Travis is a weightlifter. He's not a powerlifter (the people who do bench presses and squats) or a bodybuilder (the people who use weights to achieve muscle definition). He does the clean-and-jerk (a two-part lift that ends with the bar above the head) and the snatch (a one-part lift).
The sport's heyday has passed. Travis has been in it so long that he can say he was there when Soviet strongman Vasily Alexeev became the first to clean and jerk 500 pounds at a competition in 1970. That he did it in Columbus is a measure of how big the sport was here.
Now it occupies a small niche. It takes flexibility, agility, speed and strength to flip hundreds of pounds to chest level and then raise the load overhead. People with those attributes can win more fame and fortune elsewhere.
"Football, basketball, UFC (Ultimate Fighting Championship)," Travis said.
His day job is running his legal practice on the Northwest Side. Like lifting weights, practicing law requires maintaining focus and being quick on your feet, said Bev, his wife and office manager.

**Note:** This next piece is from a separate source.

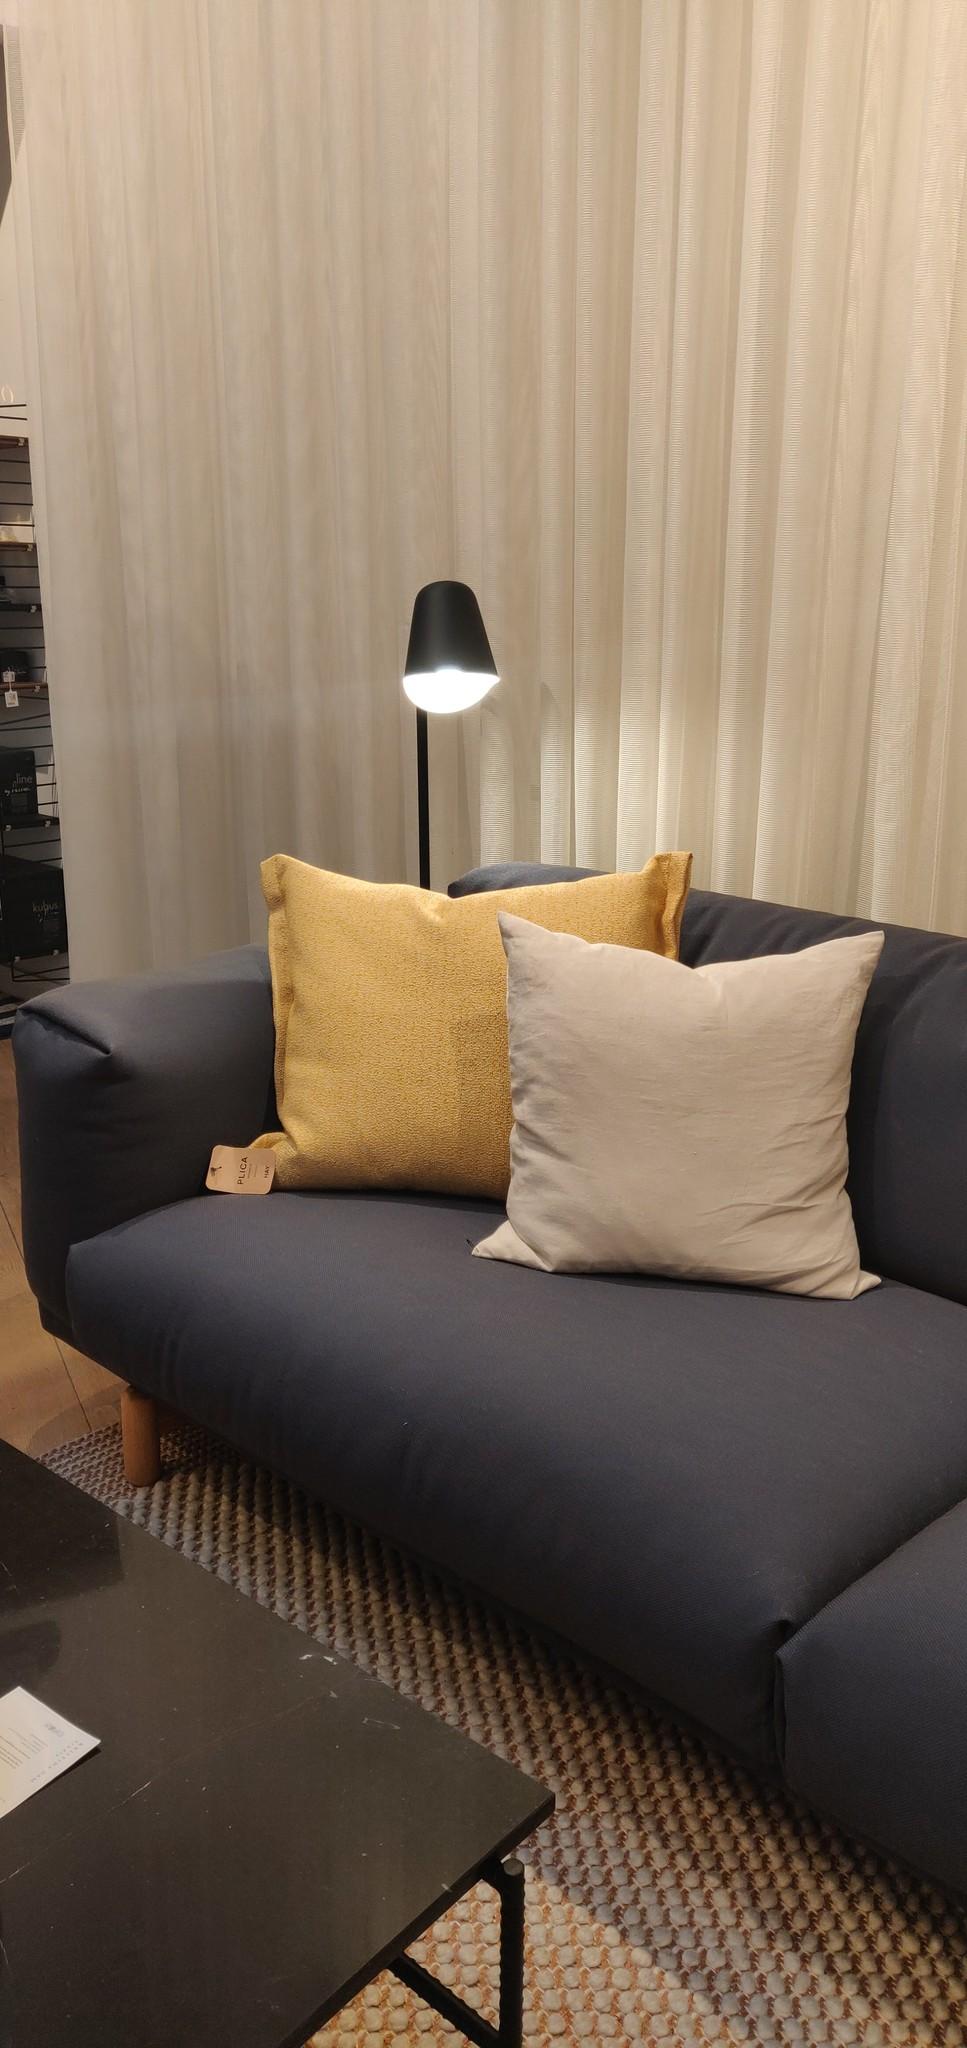 Toonzaalmodel Rest sofa - 3-seater - Steelcut trio3 756-2

She said her husband is also a good chess player.
"All my life I was looking for the intellectual jock, and I found him right there," she said.
Travis is a Toledo-area native who began lifting as part of a training regimen for his high-school track team. By the late '70s, he was good enough to have Olympic aspirations and might have fulfilled them had the United States not boycotted the 1980 Moscow Games.
He has won many weightlifting titles but says his proudest accomplishments are that his son and daughter turned out well (one is a manager at Nationwide; the other a lawyer in Chicago) and that he once played Samuel Reshevsky, a U.S. chess champion, to a tie. ("He got a little careless.")
At his best, Travis lifted a combined 721 pounds in the snatch and clean-and-jerk to win the gold medal at a U.S. Olympic Sports Festival in 1978.
Age and two herniated disks have since cut his totals. But, in Savannah, he has a good chance of claiming the American record for his age group by lifting a combined 405 pounds. He's confident about his prospects but eager to put them in perspective.
"Half the battle at this age is just showing up."